Friday, May 8, 2009

Maria and Dudu with patient and grandaughter

By Laura Mosby

Wow what an experience and I just really don’t know where to start. By far the most moving experience so far has been the home visits we went on with the Sisters (nurses) on Monday. I went with Maria. What a little spitfire. She was such a delight to be with. We shared a fierce sense of humor and compassion for the patients. We quickly became buddies and I learned so much from her. She has been a Hospice nurse for over 20 years and knows her patients and community very well. She has such an easy way and warmth with her patients, the community and us, her guests. I was so impressed with her openness to talk about her struggles in the field and the plight of the community.
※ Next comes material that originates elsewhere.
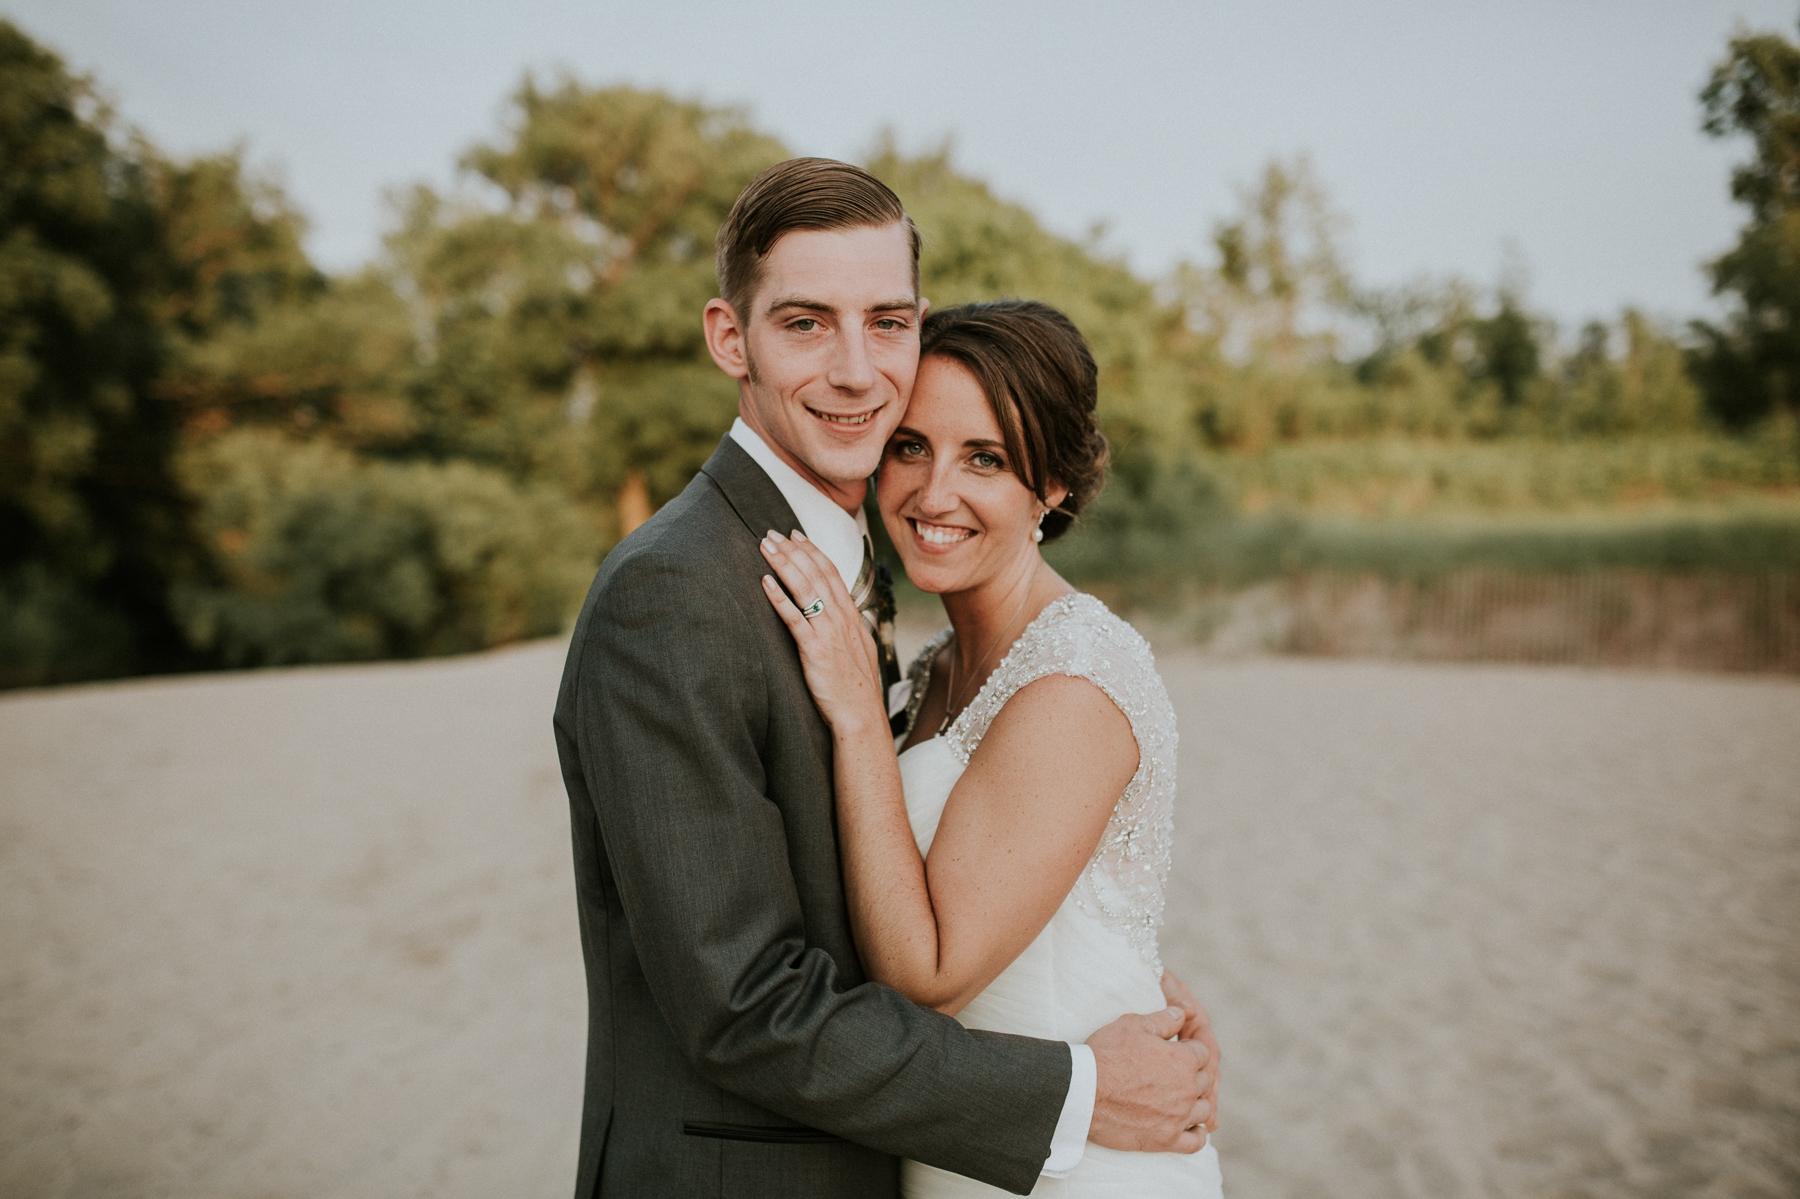 buffalo-new-york-hamburg-beach-wedding-photography 103.jpg

When I asked her about her wish list for her patients and coworkers. She said she wished for food for her patients and umbrellas for her coworkers.

DuDu the Community Care Worker, like our Home Health Aides, works alongside Maria and walks approximately 7 miles each day from patient to patient. Oftentimes in the rain or blazing sun. She only makes about $100 a month and cannot afford transportation. This is the case for all the Community Care Workers. With this being such a basic need, the next day we were able to buy 30 umbrellas. We gifted them along with a little cash for transport, to the Community Care Workers during a Support Meeting we facilitated. They were so appreciative you just would not believe it. My how little things can go a long way.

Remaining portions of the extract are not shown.